Recorded information:
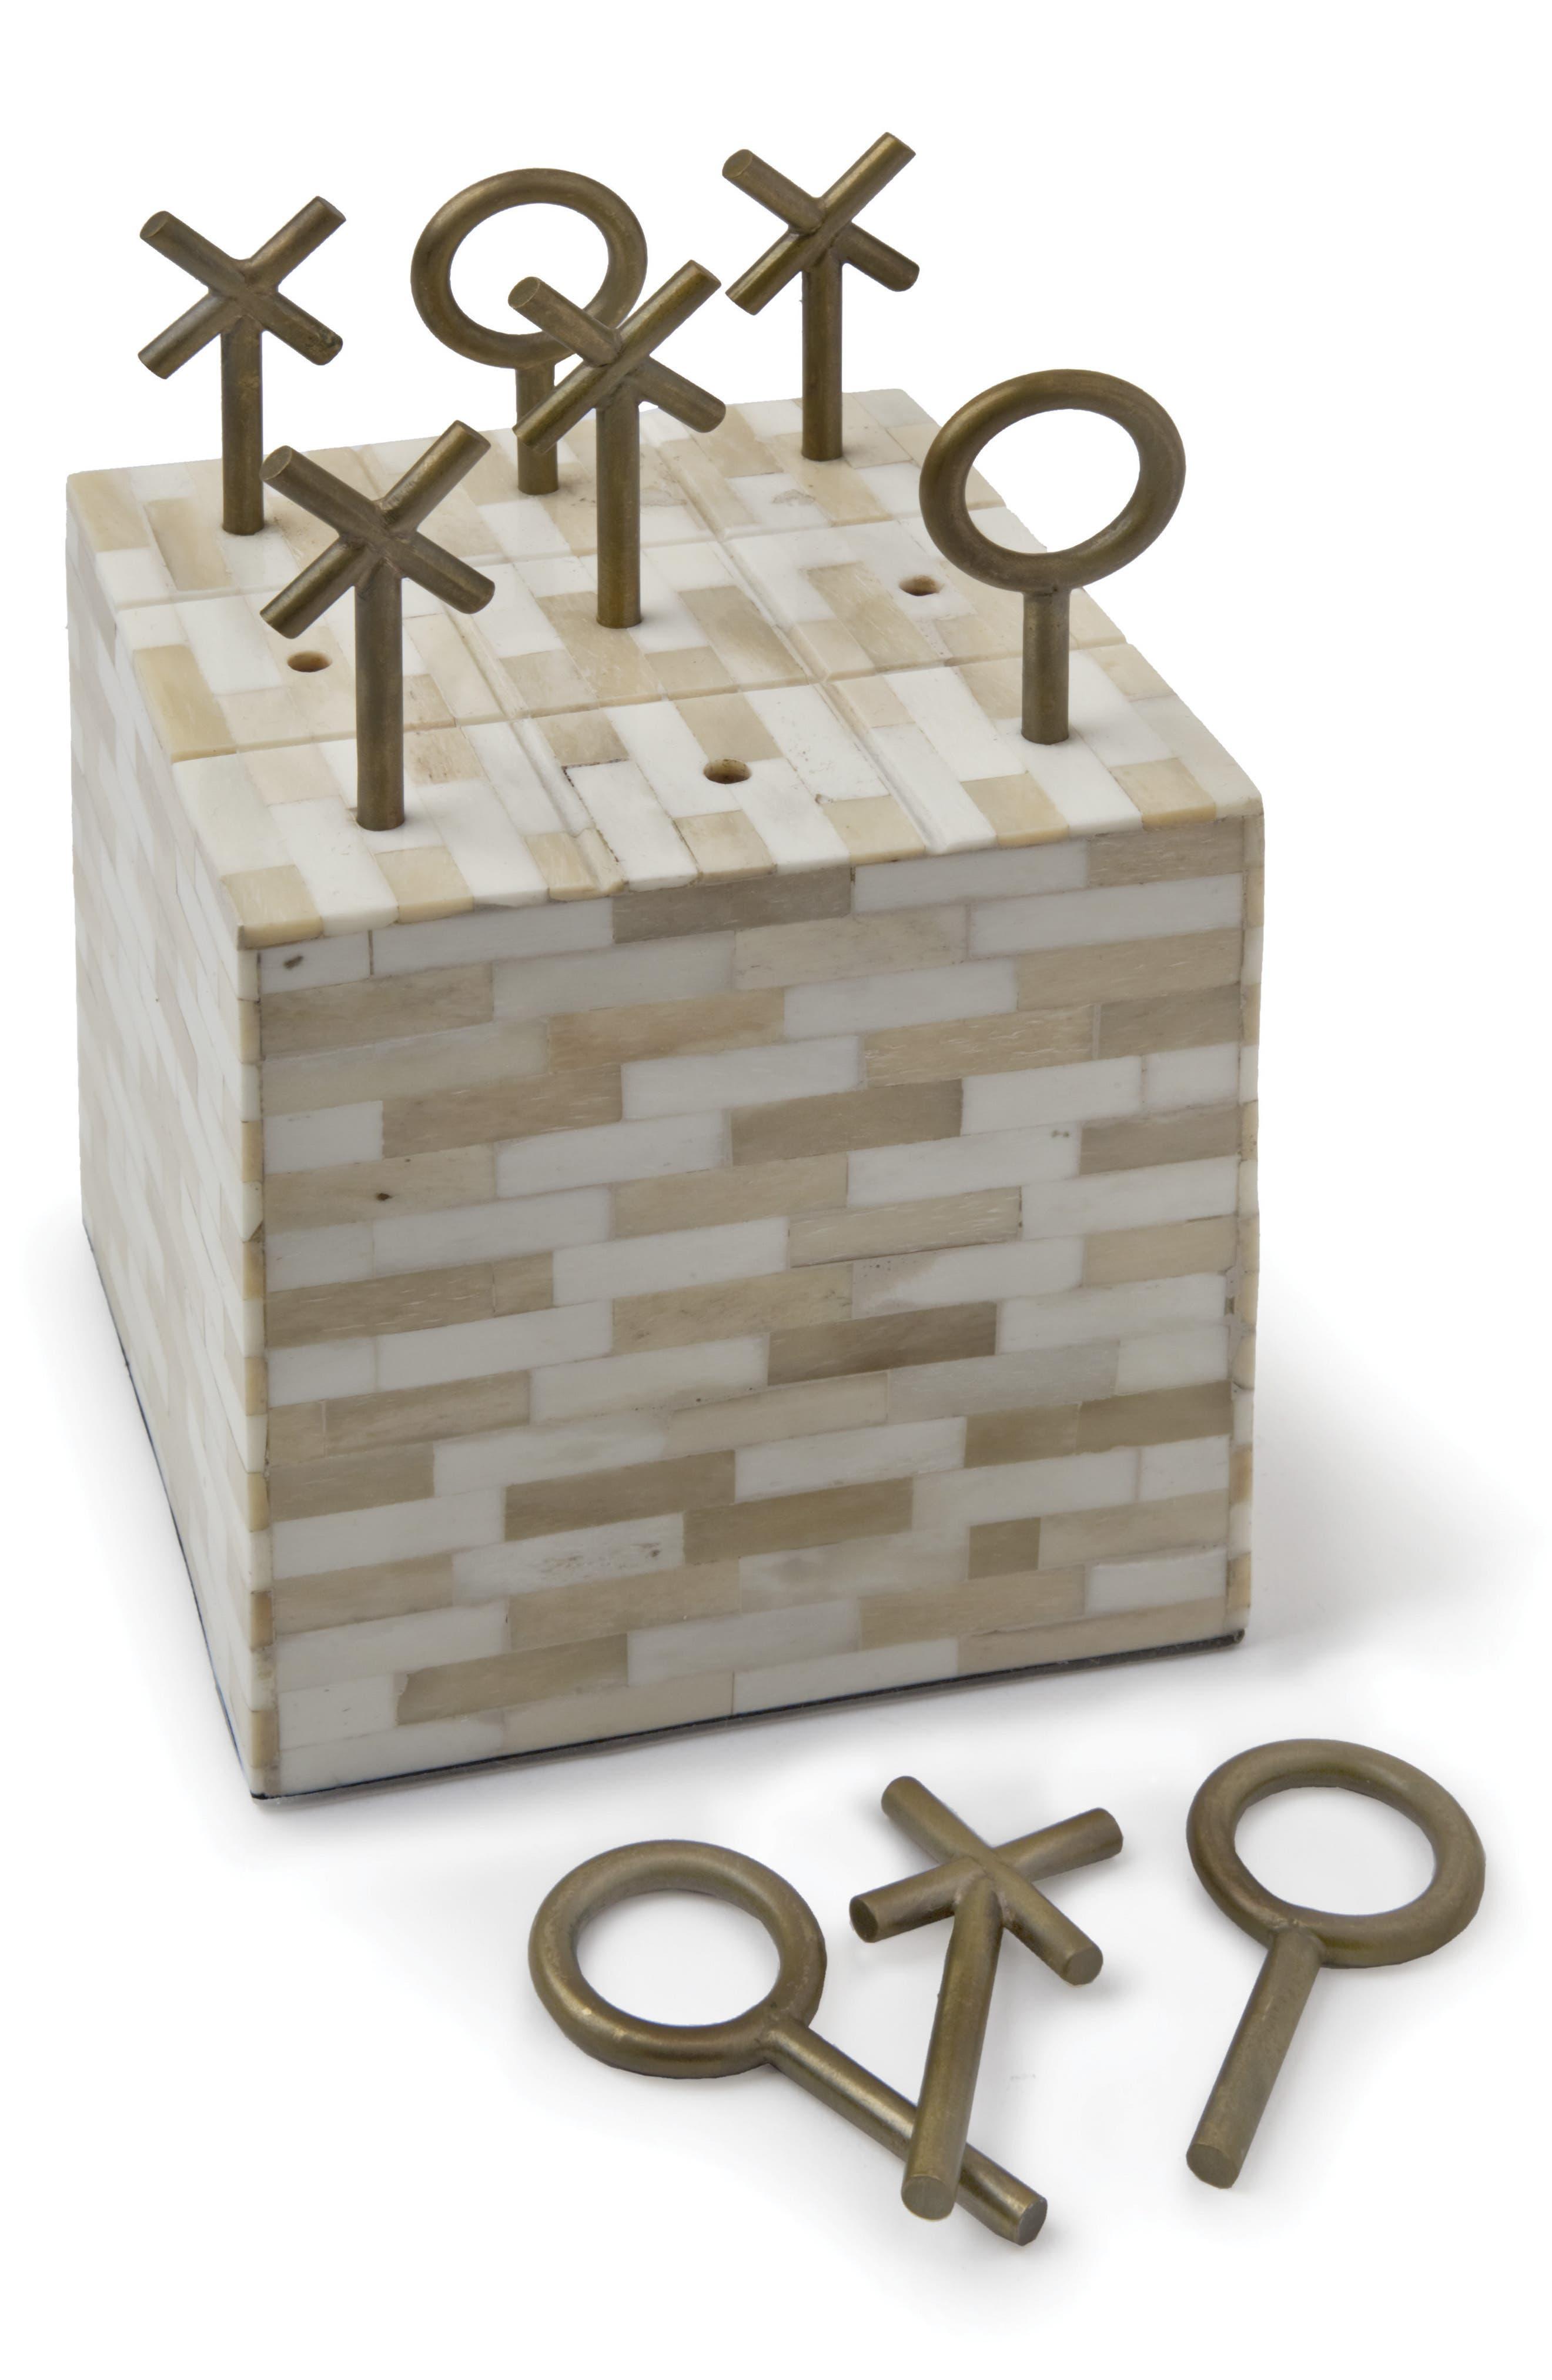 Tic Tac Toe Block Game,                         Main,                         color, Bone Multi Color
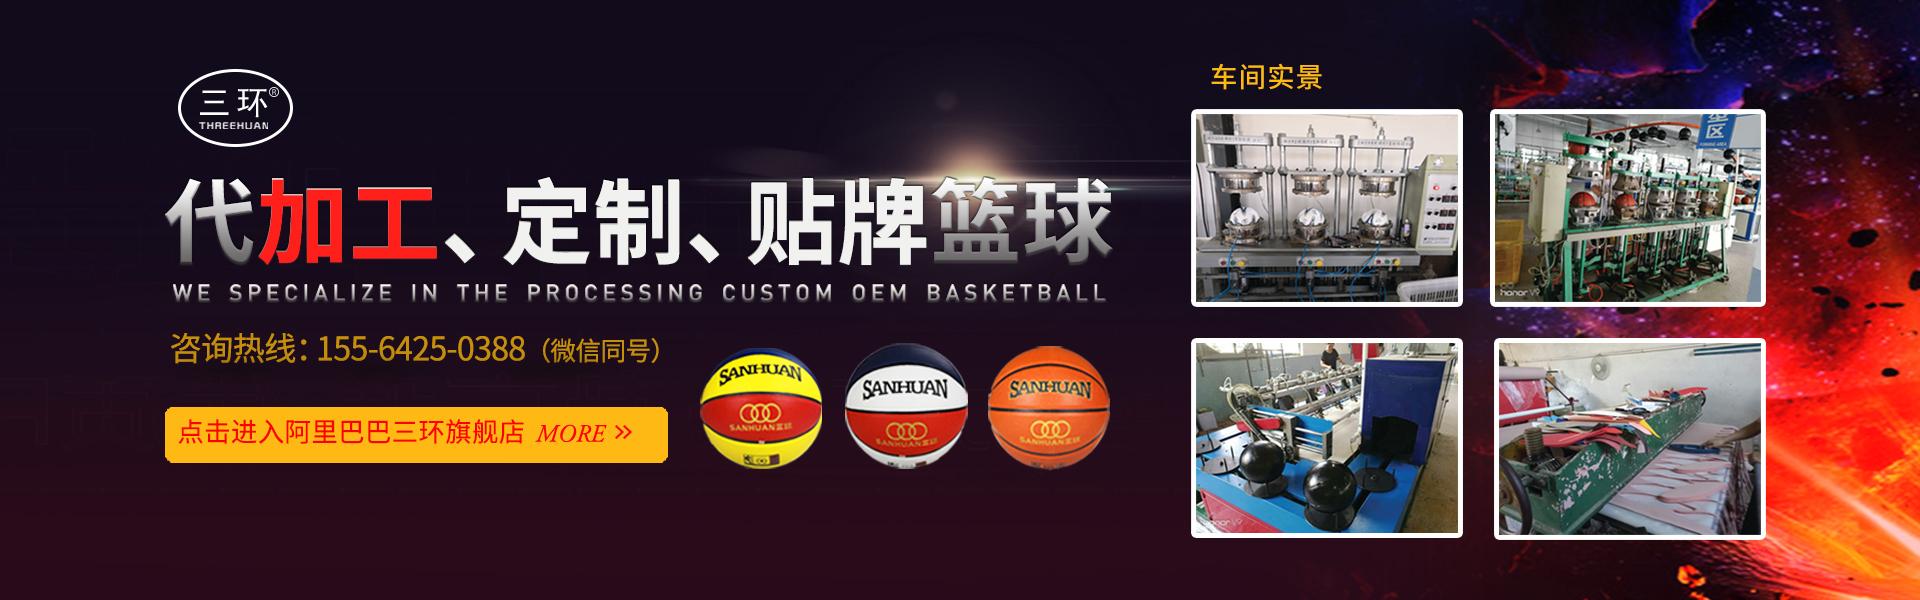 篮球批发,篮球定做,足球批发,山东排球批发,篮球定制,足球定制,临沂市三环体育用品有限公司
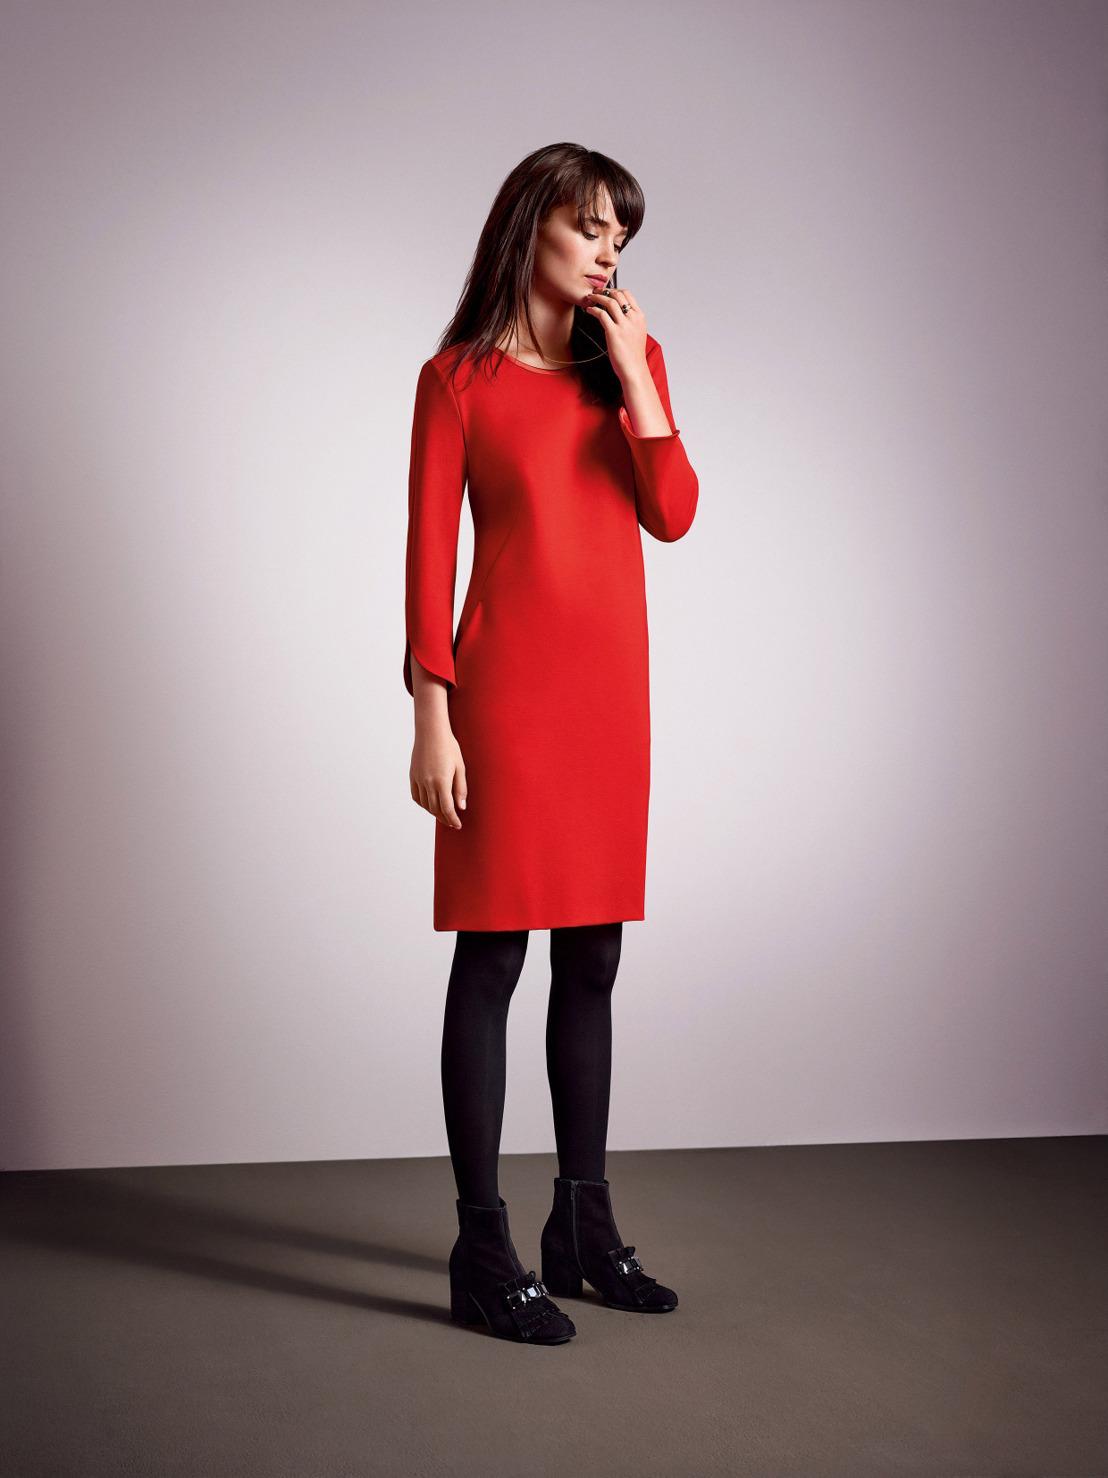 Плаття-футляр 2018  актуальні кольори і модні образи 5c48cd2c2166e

What you should do: Each line of the listing above belongs in the answer exactly as written; the pictures do not.

Final answer:
 Tic Tac Toe Block Game,                         Main,                         color, Bone Multi Color
 篮球批发,篮球定做,足球批发,山东排球批发,篮球定制,足球定制,临沂市三环体育用品有限公司
 Плаття-футляр 2018  актуальні кольори і модні образи 5c48cd2c2166e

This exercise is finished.